* YOUR GOAL *
What's wanted here is the full listing below, repeated exactly, with no images in it.
═══ DATA BLOCK ═══
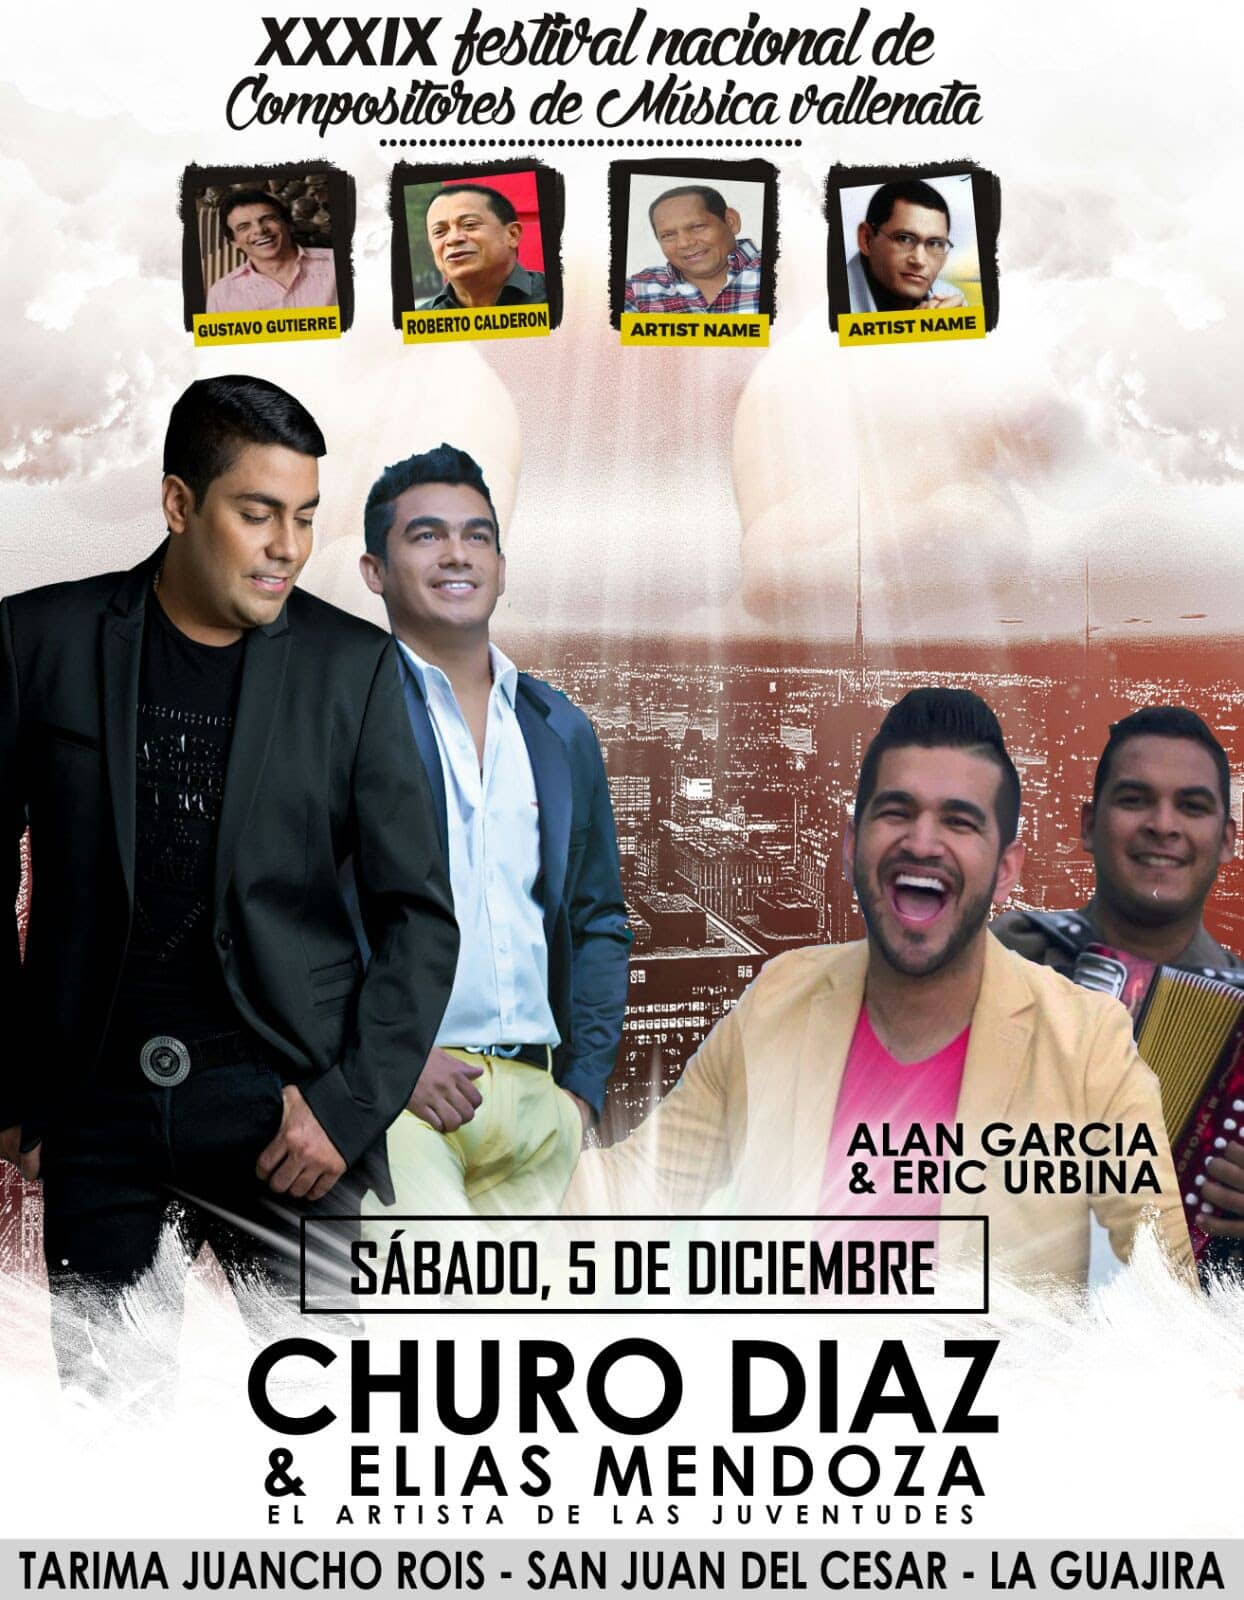 Festival de Compositores de San Juan del Cesar define programación musical
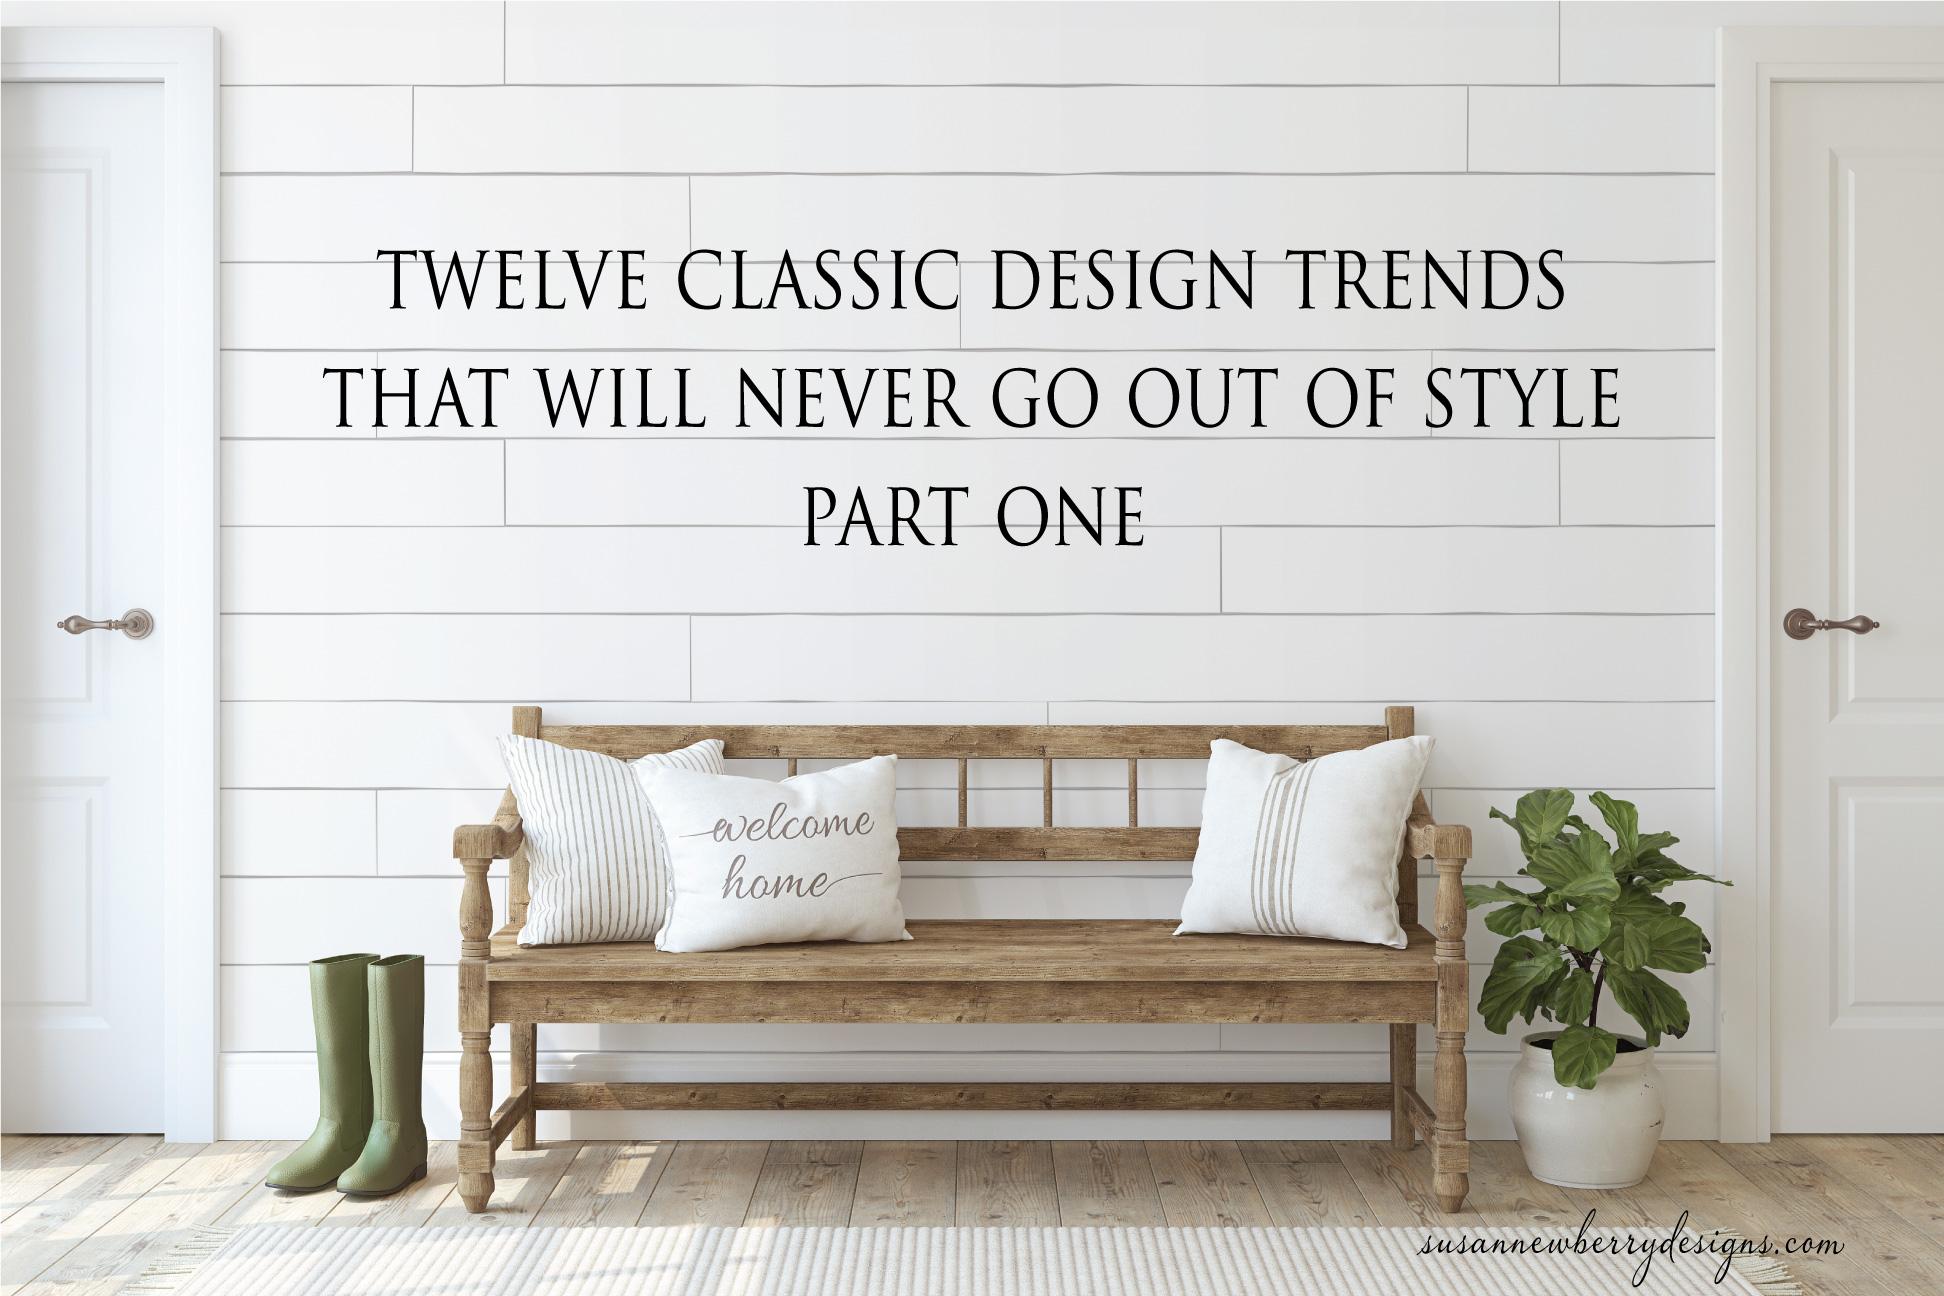 Design-Trends-Part-1.jpg
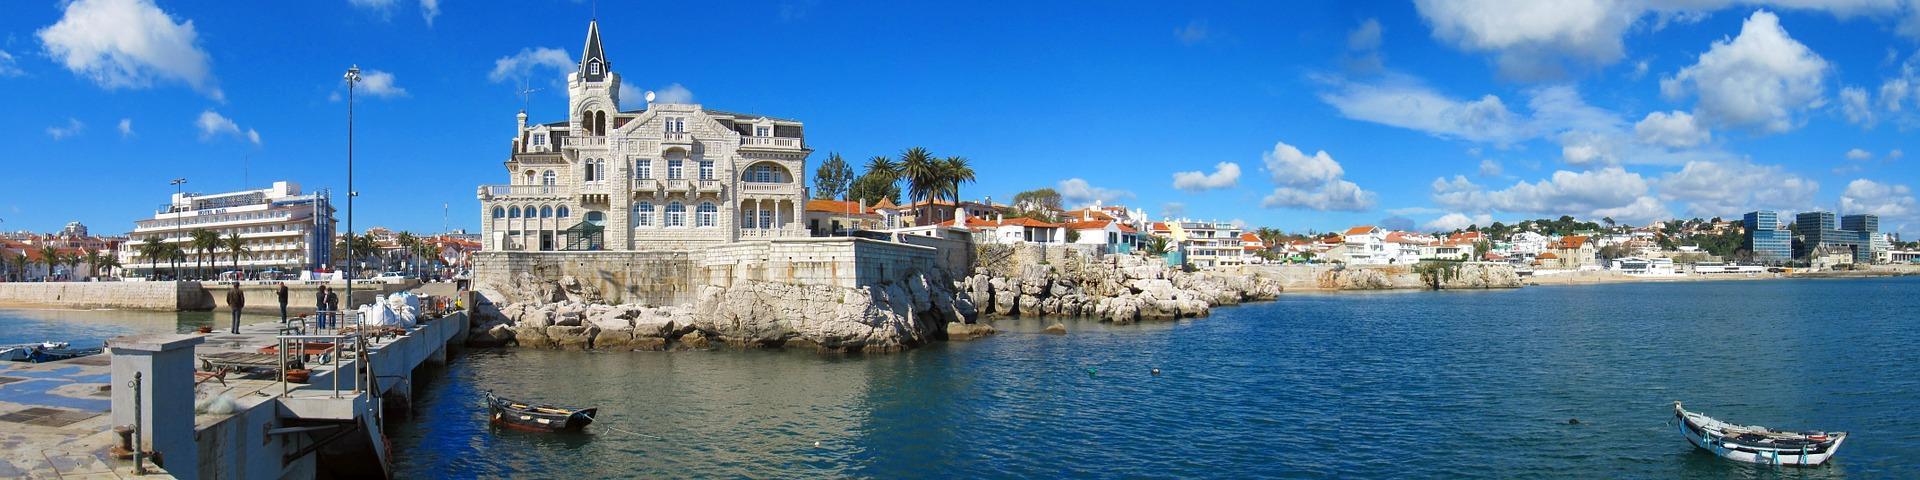 luxury real estate in portugal jpg - Элитная недвижимость в Португалии
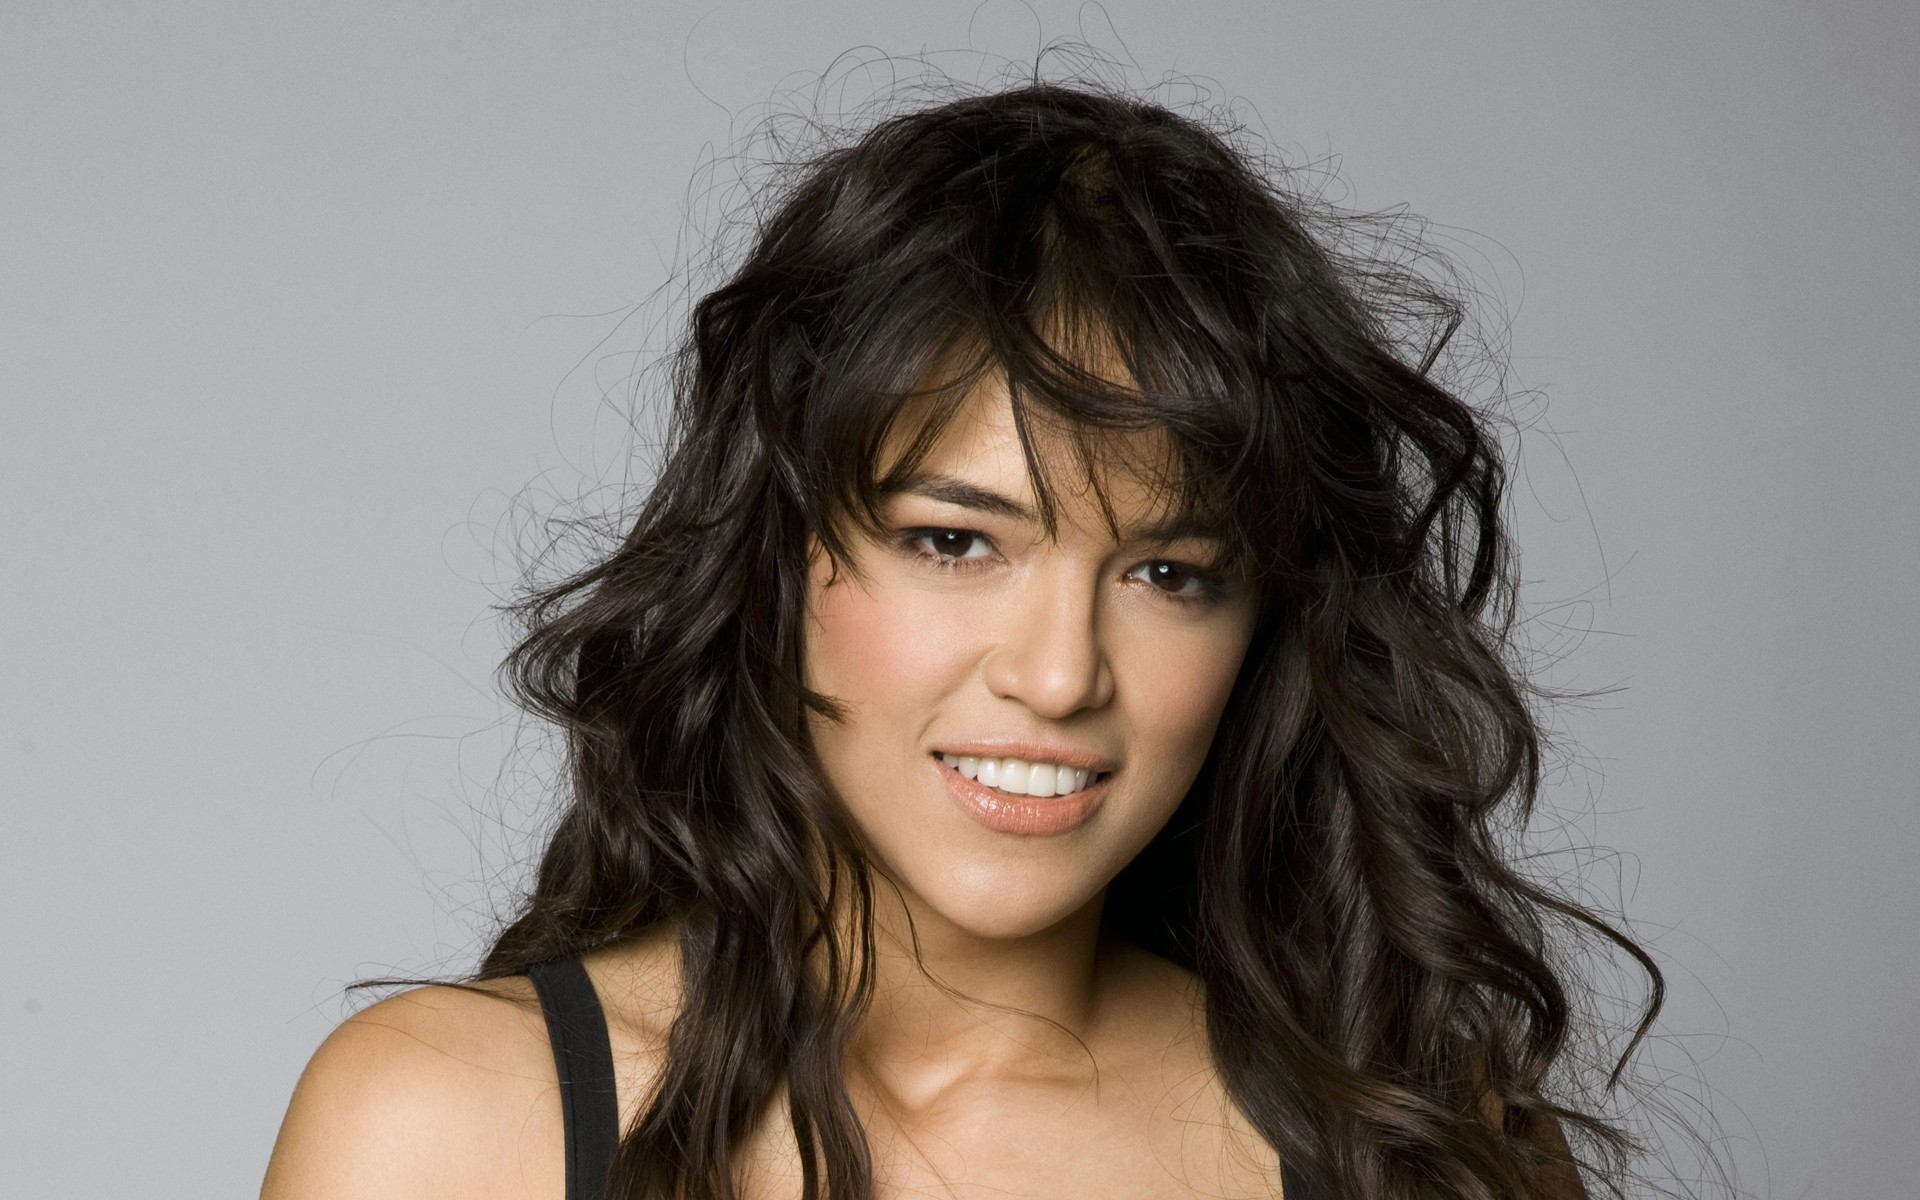 Michelle Rodriguez 2013 - 1920x1200
═══
* RESPONSE FOR THIS EXERCISE *
 Festival de Compositores de San Juan del Cesar define programación musical
 Design-Trends-Part-1.jpg
 luxury real estate in portugal jpg - Элитная недвижимость в Португалии
 Michelle Rodriguez 2013 - 1920x1200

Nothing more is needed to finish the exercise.